SQL/MX 2.x Query Guide (G06.24+, H06.03+)

Keeping Statistics Current
HP NonStop SQL/MX Query Guide523728-003
3-5
Sampling and UPDATE STATISTICS
Analyzing the Possible Impact of Updating Statistics
Depending on the size of the table, updating statistics can take longer than you would
like. Consider updating statistics during the hours when peak performance is not
required.
If you want to preserve the existing query execution plan, be aware that updating
statistics might cause the optimizer to choose a different plan. Usually, you can
improve performance by updating the statistics on a table to reflect the current status.

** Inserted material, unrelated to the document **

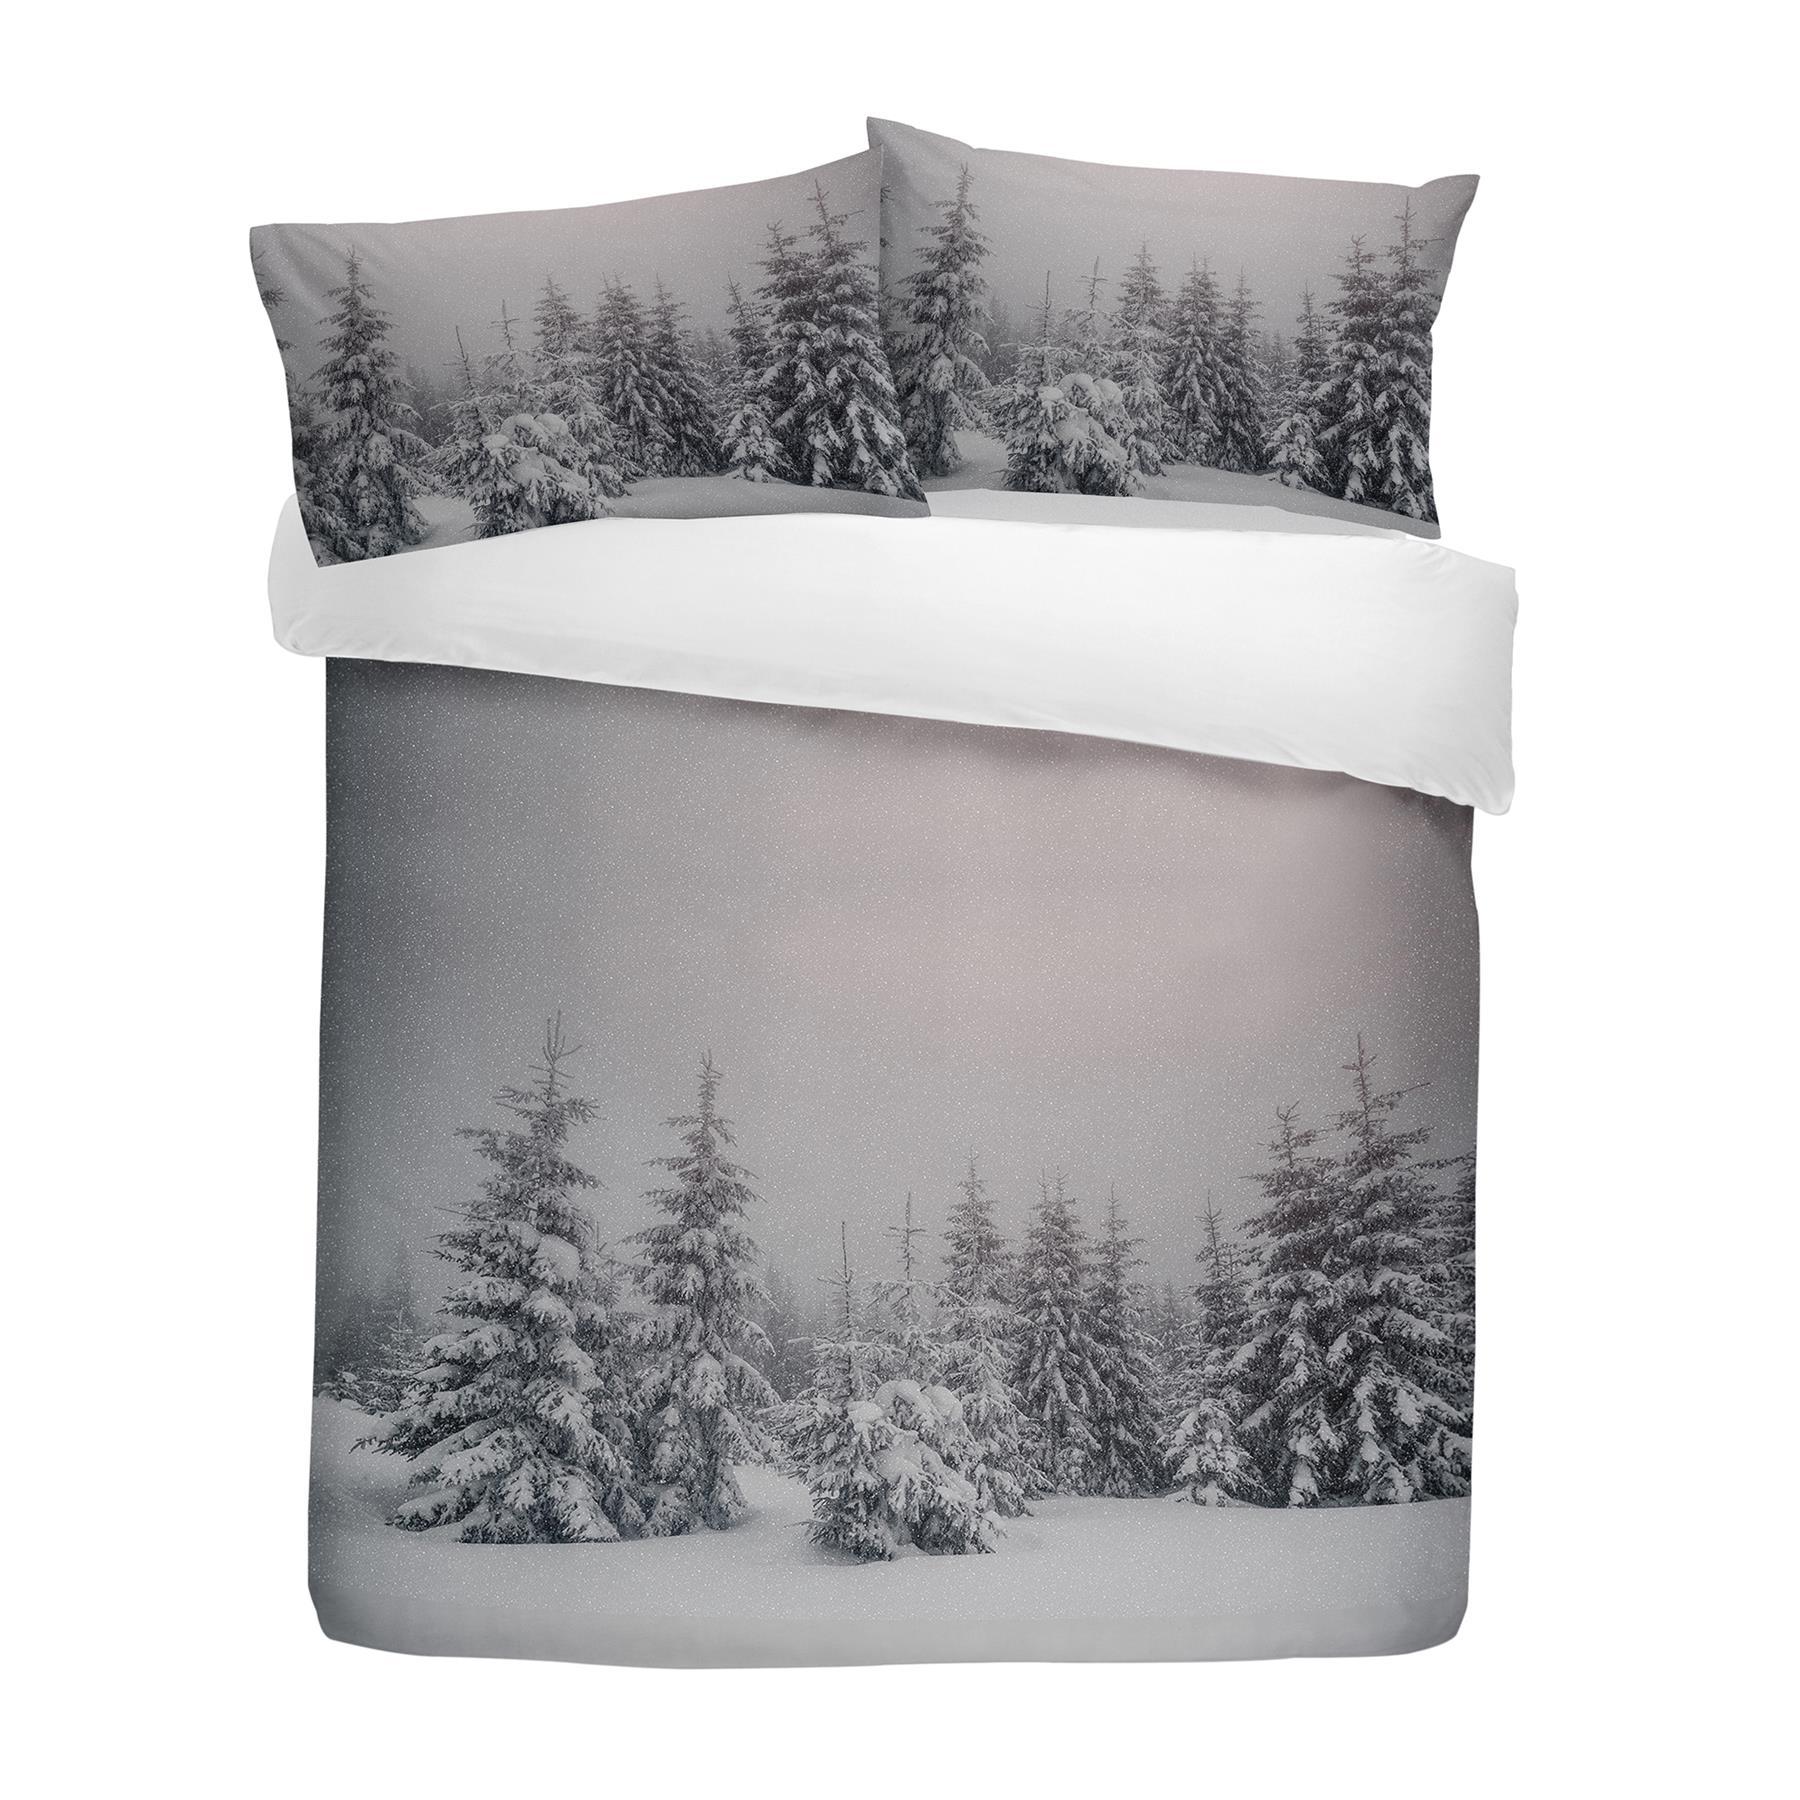 CHRISTMAS SNOWING STARRY NIGHT TREE SCENE SINGLE DUVET COVER

The update statistics operations, however, might not improve performance, as
discussed next:
You can update statistics to perform a sampling of rows to determine the statistical
information. Depending on your sample size, this procedure could take a long time.
(That is, the larger the sample, the longer it might take.) Because this is a
statistical sampling method, the statistics gathered are not exact. Inaccurate
statistics (wrong by more than 10 percent) can adversely affect the plan. See
Sampling and UPDATE STATISTICS.
Because the UPDATE STATISTICS statement does not automatically recompile
programs, the operation does not invalidate the dependent programs. If you want
to take advantage of the new statistics, however, you must explicitly recompile the
dependent programs.
Sampling and UPDATE STATISTICS
Use sampling to control the amount of time spent calculating statistics. If you do not
specify sampling, statistics are collected by scanning the entire table. The optional
SAMPLE clause provides several methods of producing a sample set, based on a
ratio, to determine the histograms. The SQL/MX Reference Manual describes each
sampling method in detail.
You might want to use sampling because of the amount of time required to update
statistics on the entire table. Sampling techniques that do not perform full large table
scans result in significant performance gain. You can use SAMPLE without specifying
the number of rows. By default, SQL/MX samples two percent of the table up to a
maximum of two million rows. You might want to explicitly specify a larger sample size
to increase statistics accuracy or a smaller sample size to reduce the running time.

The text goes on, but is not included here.